С пустым мешком и большим, как ведро, лукошком Елення скрылась за деревьями. Февра подтащила к брату полное лукошко шишек, вывалила их рядом с ним.
– Во сколько! Крупные, спелые, без серы! Ешь, щелкай, Илька, свеженькие орешки. – И вприпрыжку убежала к ребятам.
Илька выбрал из кучи шишку покрупнее, слабосильными пальцами кое-как отеребил чешуйки да защелкал орехи. А все равно невесело. Вот самому бы сшибать шишки! Взобрался бы на самый высокий кедр, повыше дяди Сени. Эх, если бы найти встань-траву! Неужели и здесь, в таком большом лесу, мама не найдет ее? А может, поискать самому, поползать меж кустов? Вот подумать-подумать о Боженьке, помолиться ему, попросить о помощи, а потом поползти…
Он отложил шишку и закрестился, зашептал, подражая бабушке Анн:
– Боже, ты всемогущий! Помоги мне, грешному, вылечиться. Помоги найти встань-траву. Мне ох как хочется ходить! Энька вот бегает, на дерево даже лазит, а я… Шишек собрал бы сколько! А то сижу да сижу. Не видишь разве, Боженька?.. – Что дальше сказать, он не знал и закончил на манер бабушки: – Прости нас, грешных, Господи. Аминь!

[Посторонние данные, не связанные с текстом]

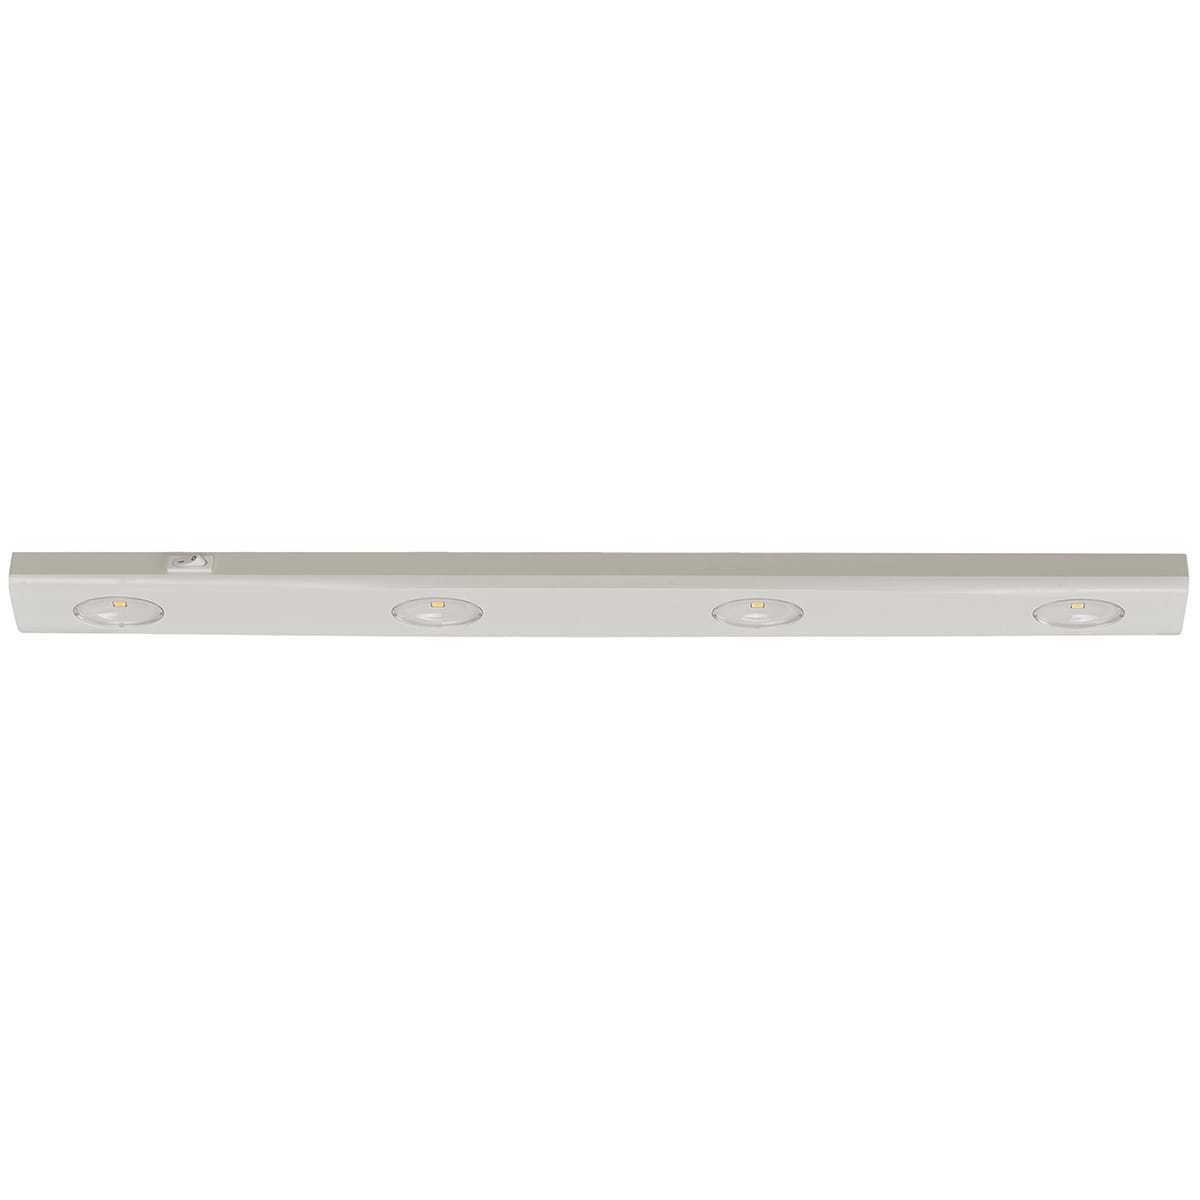 Keukenkast verlichting - onderbouw - werkbladverlichting - onderbouwverlichting - meubelarmatuur 55 cm -  Wit 4 x 1W Led - Serie Meubelarmatuur - Spots - High Light - S790600

И пополз за куст по мшистым кочкам. Попадались Ильке еще не осыпавшиеся ягоды – черные, красные, голубые. Он съедал их. Всякую траву он внимательно рассматривал, ощупывал руками. Но встречалась давно знакомая, а не особенная какая-то. Незаметно он переполз по влажной ямке к следующему кусту, от того – к третьему. И там не задержался. Штанина на правом его колене взмокла, холодила и малица. Февра с ребятишками, слышно, галдит уже где-то далеко.
Илька приполз еще к одному кусту и рядышком увидел какую-то незнакомую травинку: почти от самой земли на ней росли листья, а на листьях еще листья, мелкие, густые, как перья. И цвет у травинки зеленый-зеленый, не такой, как у других трав. А на нижней стороне листьев в два ряда – красные бугорочки.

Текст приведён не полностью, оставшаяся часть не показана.